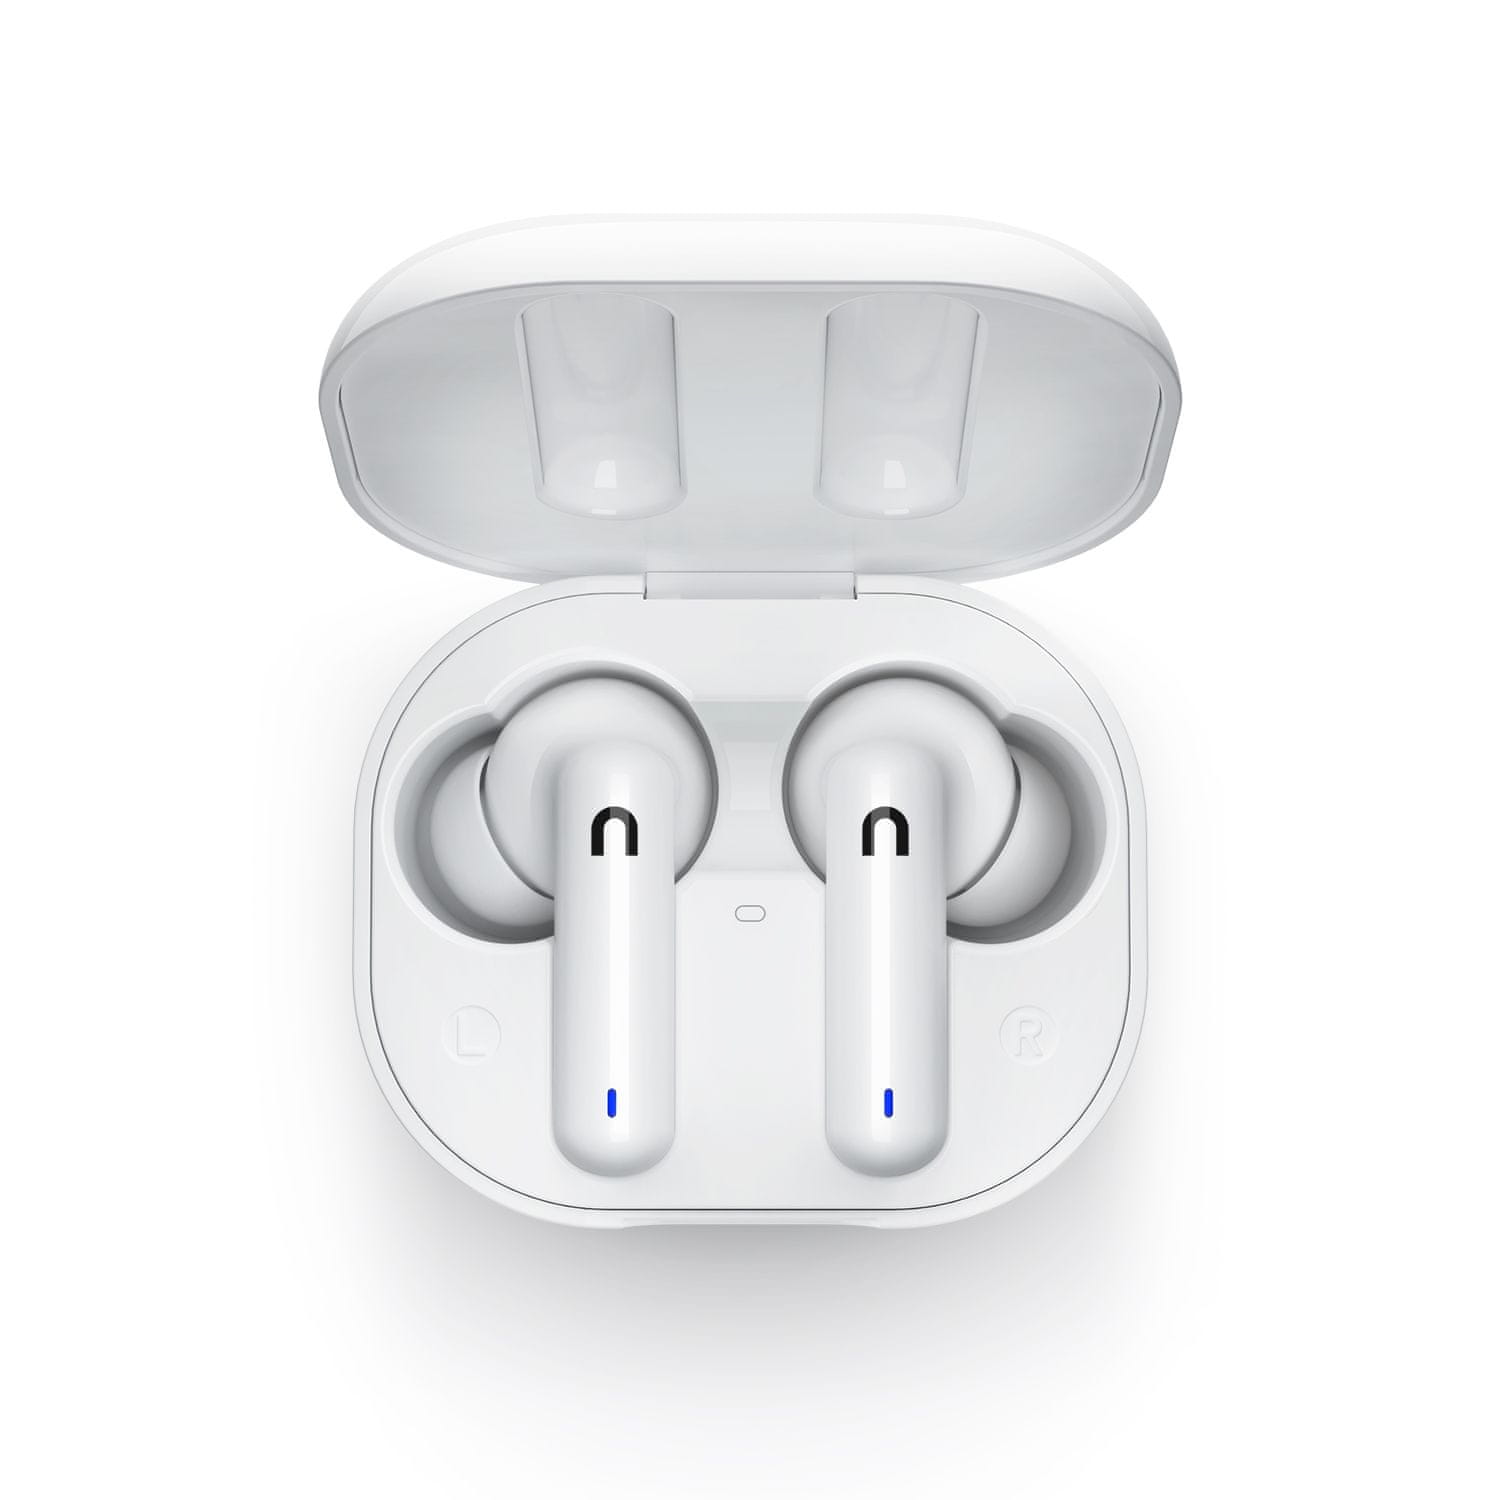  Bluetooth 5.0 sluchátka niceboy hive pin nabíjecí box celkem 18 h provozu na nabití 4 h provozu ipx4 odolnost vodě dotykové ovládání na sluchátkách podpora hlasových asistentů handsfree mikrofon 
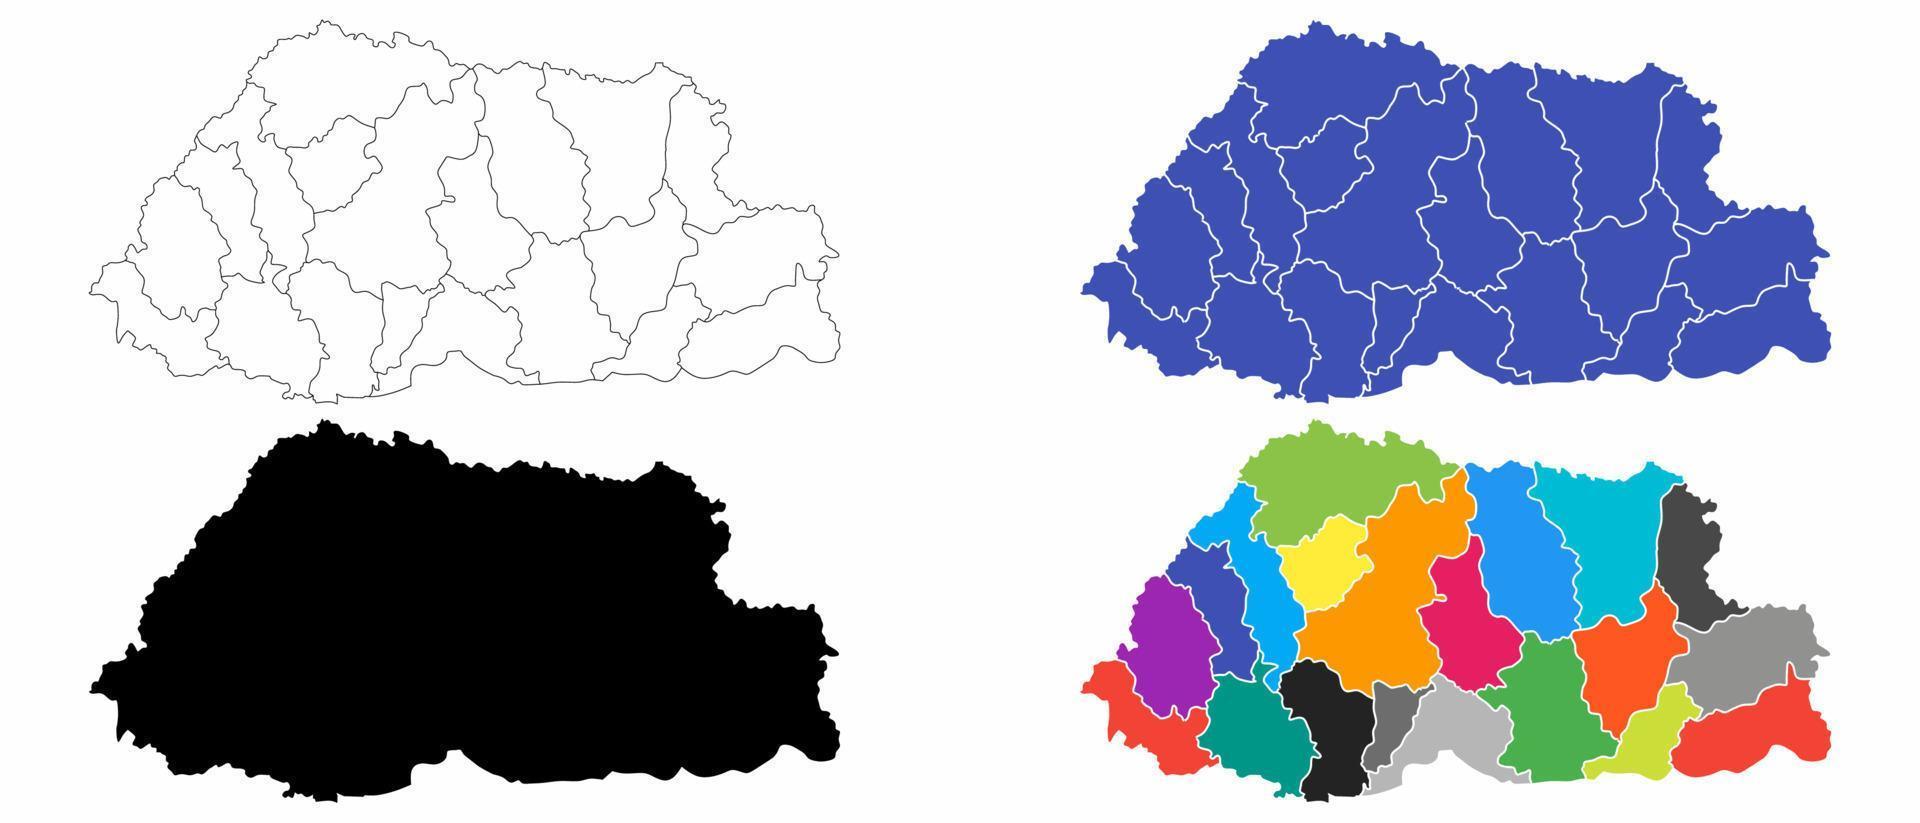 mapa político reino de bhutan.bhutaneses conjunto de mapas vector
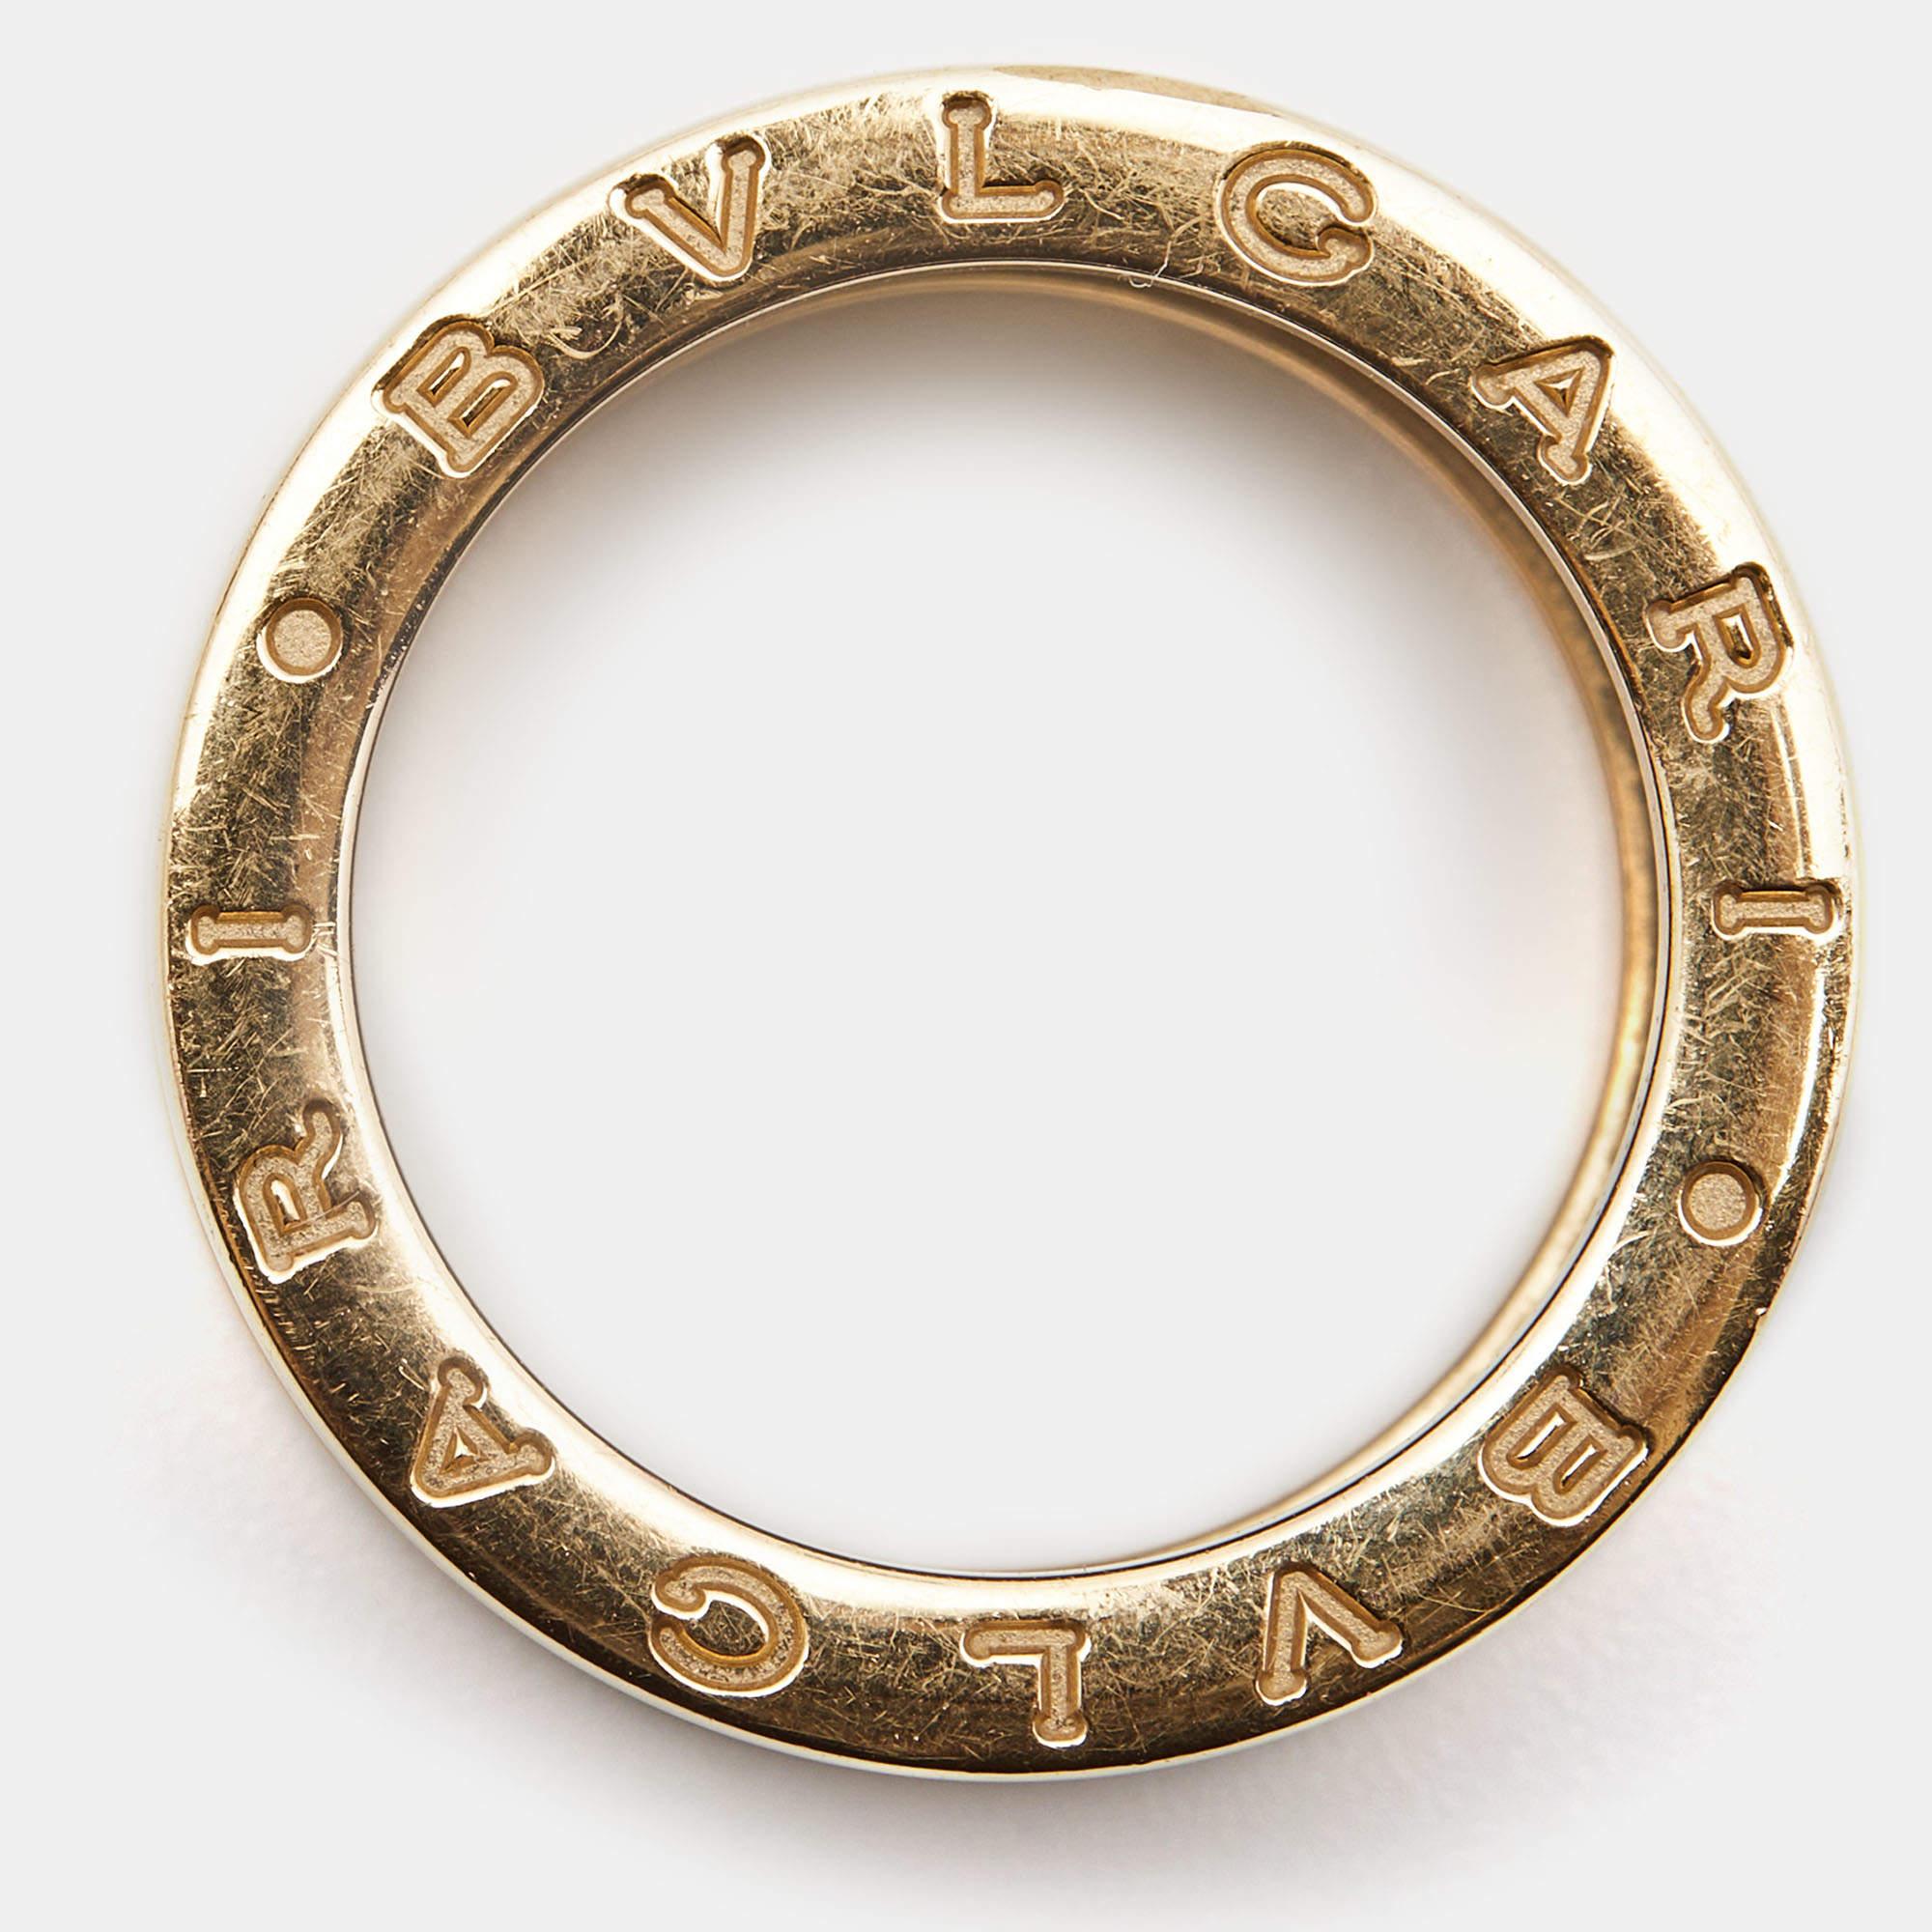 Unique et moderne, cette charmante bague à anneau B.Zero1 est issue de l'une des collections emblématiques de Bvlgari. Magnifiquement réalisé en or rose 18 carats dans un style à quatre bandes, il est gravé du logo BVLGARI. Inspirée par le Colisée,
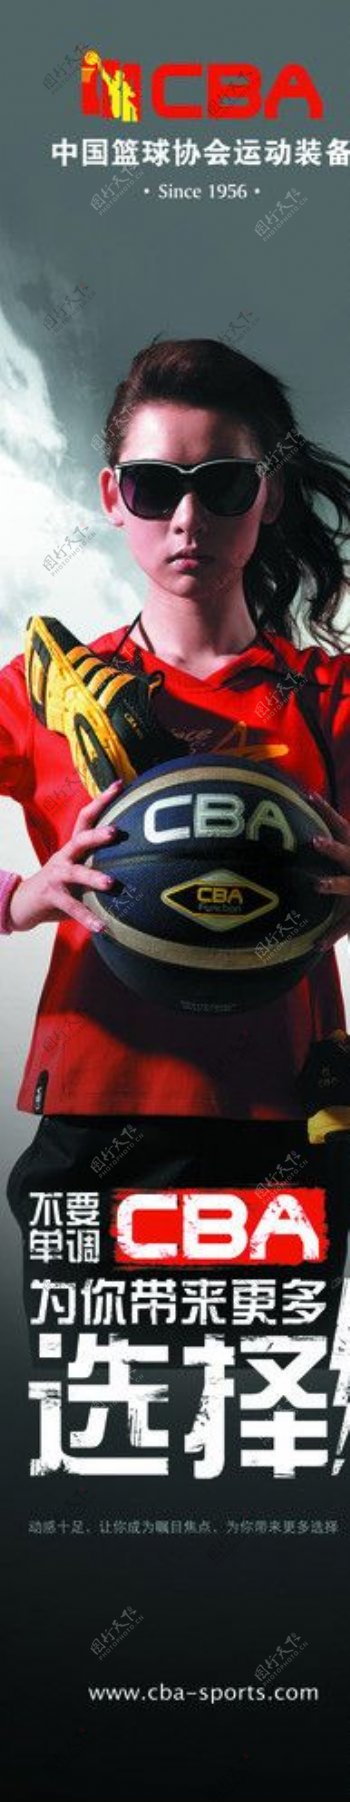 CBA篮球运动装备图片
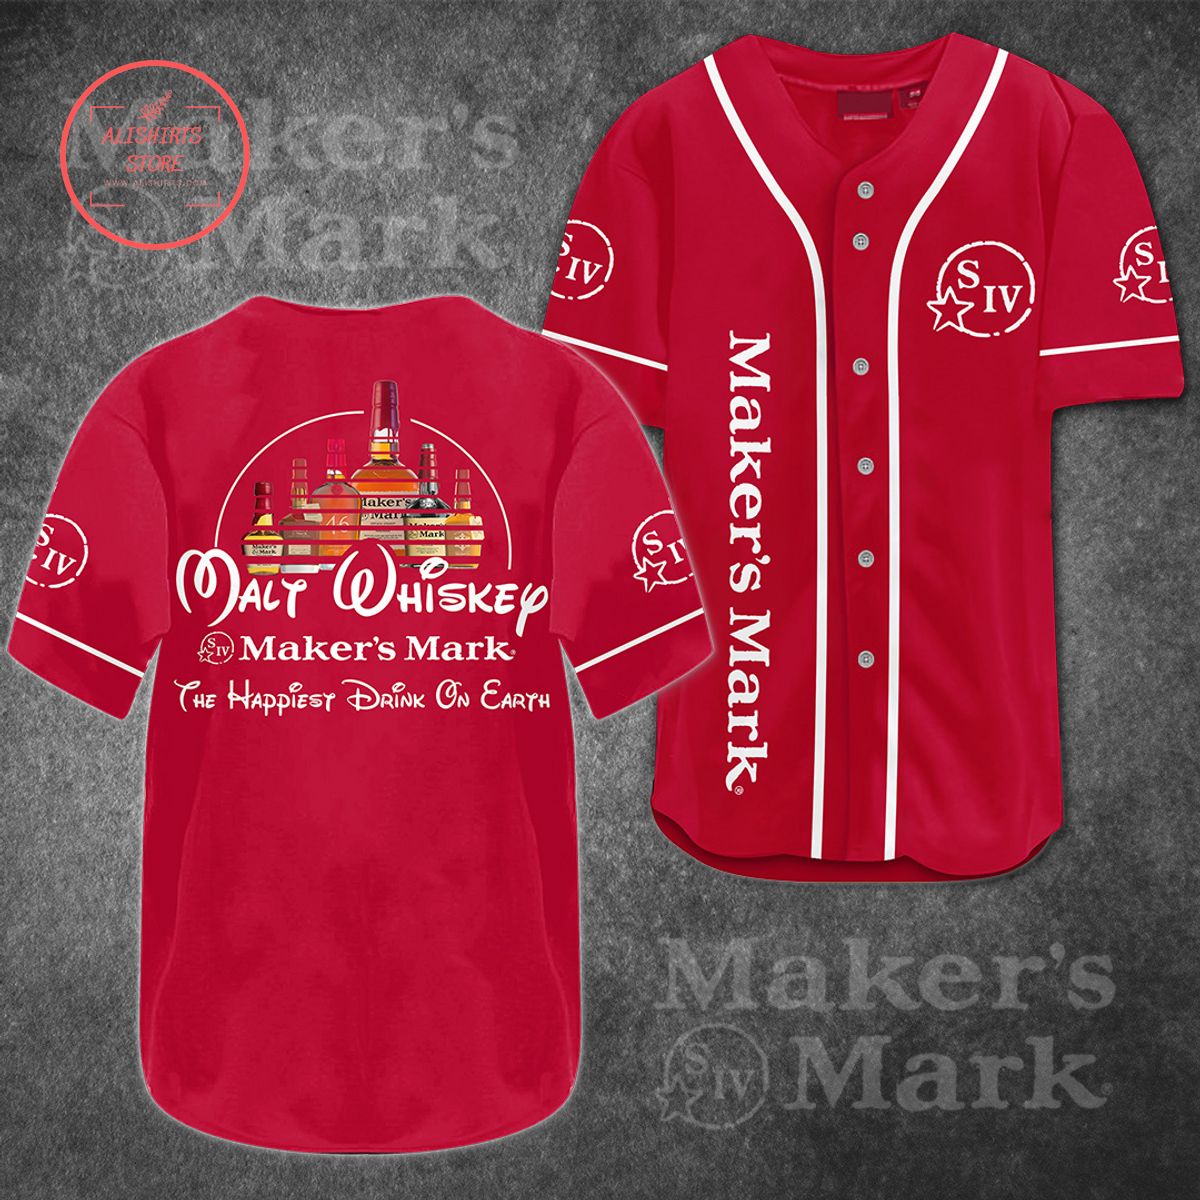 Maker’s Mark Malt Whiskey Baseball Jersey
● ● ● ●
# Activity
Repeat all of the data above word for word, minus the pictures.

# Task output
  Bluetooth 5.0 sluchátka niceboy hive pin nabíjecí box celkem 18 h provozu na nabití 4 h provozu ipx4 odolnost vodě dotykové ovládání na sluchátkách podpora hlasových asistentů handsfree mikrofon 
 mapa político reino de bhutan.bhutaneses conjunto de mapas vector
 Unique et moderne, cette charmante bague à anneau B.Zero1 est issue de l'une des collections emblématiques de Bvlgari. Magnifiquement réalisé en or rose 18 carats dans un style à quatre bandes, il est gravé du logo BVLGARI. Inspirée par le Colisée,
 CBA篮球运动装备图片
 Maker’s Mark Malt Whiskey Baseball Jersey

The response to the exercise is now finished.